1.  A 'pat me on the back' type sermon that makes you feel all warm and fuzzy.

2.  A 'grab you by the throat' type sermon that causes you to confront real life against Godliness.


Why?


----------



## formula1 (Jan 19, 2011)

*Re:*

Every message should have elements of both, IMHO.

Number 1 - If the feel good part of the message is about the work of Christ in you and not about you.  If your hope is in Christ, from His perspective, everyone should 'feel good' that Christ will continually work in you, provided you remain faithful to Him. If you truly understand the work of Christ in you, your Love for Him will take charge and help you overcome the issues of life.

Number 2 - If a sermon causes you to reflect on issues you need to allow Christ to deal with in your life, you are more willing to open yourself up to the Holy Spirit to transform you, to 'renew your mind' if you will. You become more willing to practice a repentant heart day in and day out.

Some key things I thought about when answering your question:

Ephesians 4:15
Rather, speaking the truth in love, we are to grow up in every way into him who is the head, into Christ

1 Peter 1:22
Having purified your souls by your obedience to the truth for a sincere brotherly love, love one another earnestly from a pure heart

1 John 3:18
Little children, let us not love in word or talk but in deed and in truth.


----------



## stringmusic (Jan 19, 2011)

stir those two choices in a pot, that would be what I prefer.

As far a which is the "most good", I think its a sermon that teaches.


----------



## Crubear (Jan 19, 2011)

All of the above and more? I've been fortunate to find copies of books that have the sermons of Peter Marshal (Chaplain of the Senate through the 40's and early 50's). The best ones (IMHO) are the ones that tell a short story, show how the Bible applies and why, and then challenge me to go and do the same.


----------



## OntheFlyTyer (Jan 19, 2011)

Comfort the Afflicted & Afflict the Comfortable


----------



## stringmusic (Jan 19, 2011)

Crubear said:


> All of the above and more? I've been fortunate to find copies of books that have the sermons of Peter Marshal (Chaplain of the Senate through the 40's and early 50's). The best ones (IMHO) are* the ones that tell a short story, show how the Bible applies and why, and then challenge me to go and do the same*.




This is how my pastor does it every Sunday, I really enjoy it.


----------



## thedeacon (Jan 19, 2011)

I do not have any preferance when it comes to sermons. I want it to be biblical and come from the heart. Any sermon should be well thought out, studied and presented with love after heart felt prayer.

I don't need to be patted on the back and I certeinly don't need to be chocked. I have never, ever heard a sermon (no matter how bad it was) that I didn't get something out of it. It's all about attitude when you are listening.

I do love a good story though, being a storyteller myself.
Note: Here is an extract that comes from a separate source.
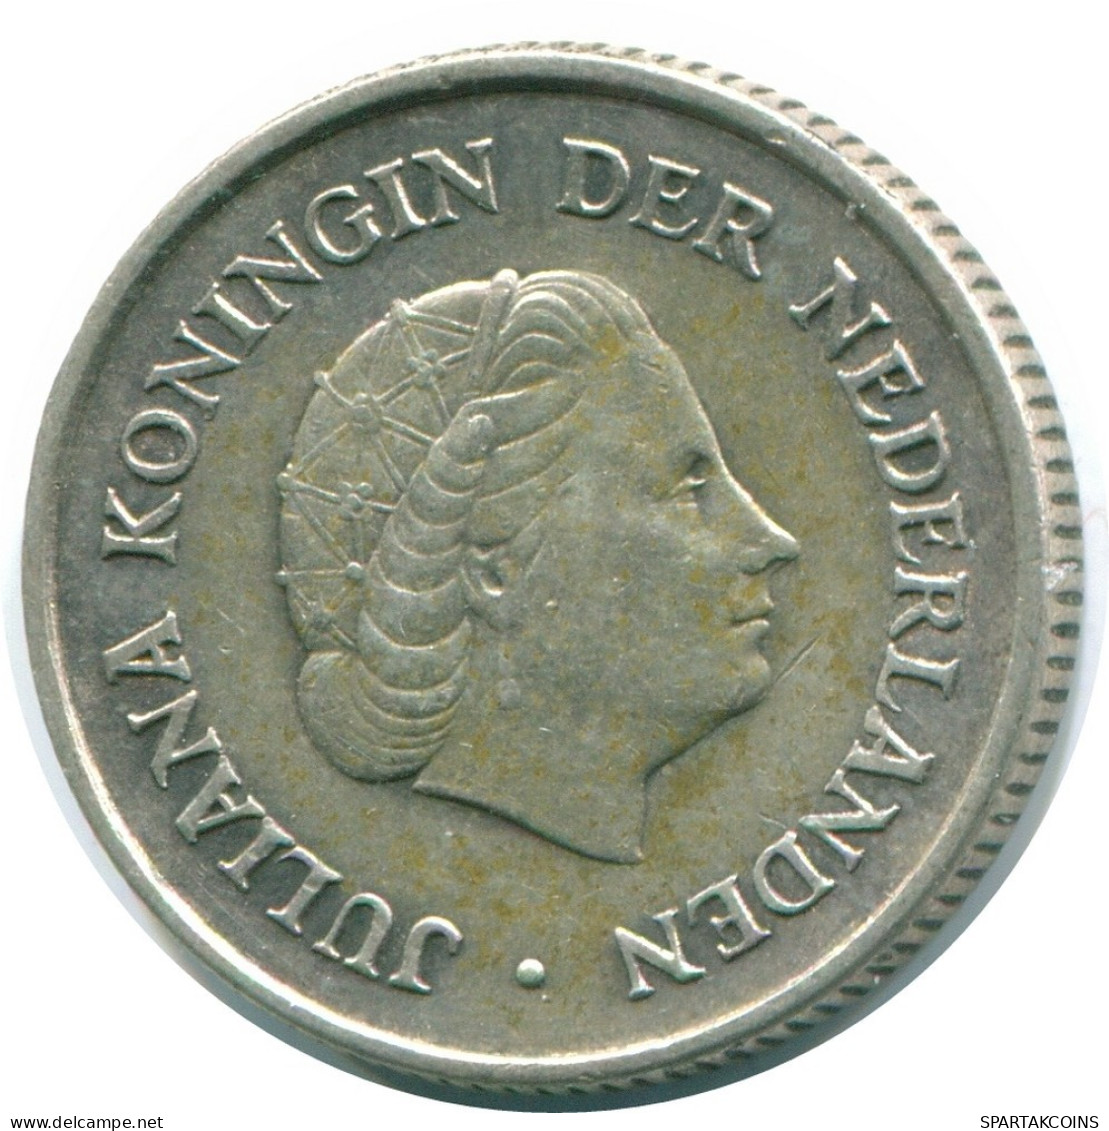 1/4 GULDEN 1970 NETHERLANDS ANTILLES SILVER Colonial Coin #NL11680.4.U.A - Niederländische Antillen

Christian's shouldn't be in the sermon critisizeing business.
I even like RonnieT's sermons, he'a purty good.

God Bless


----------



## Ronnie T (Jan 19, 2011)

thedeacon said:


> I do not have any preferance when it comes to sermons. I want it to be biblical and come from the heart. Any sermon should be well thought out, studied and presented with love after heart felt prayer.
> 
> I don't need to be patted on the back and I certeinly don't need to be chocked. I have never, ever heard a sermon (no matter how bad it was) that I didn't get something out of it. It's all about attitude when you are listening.
> 
> ...





You said:  "and I certeinly don't need to be chocked"

I'm obviously not directing this to you, the deacon, but I have, on occasion, had several people thank me for a motivational lesson, then suddenly have someone say something like "I get tired of coming to church just to get beat up!".  Obviously, they feel 'choked' when other Christians are feeling "motivated".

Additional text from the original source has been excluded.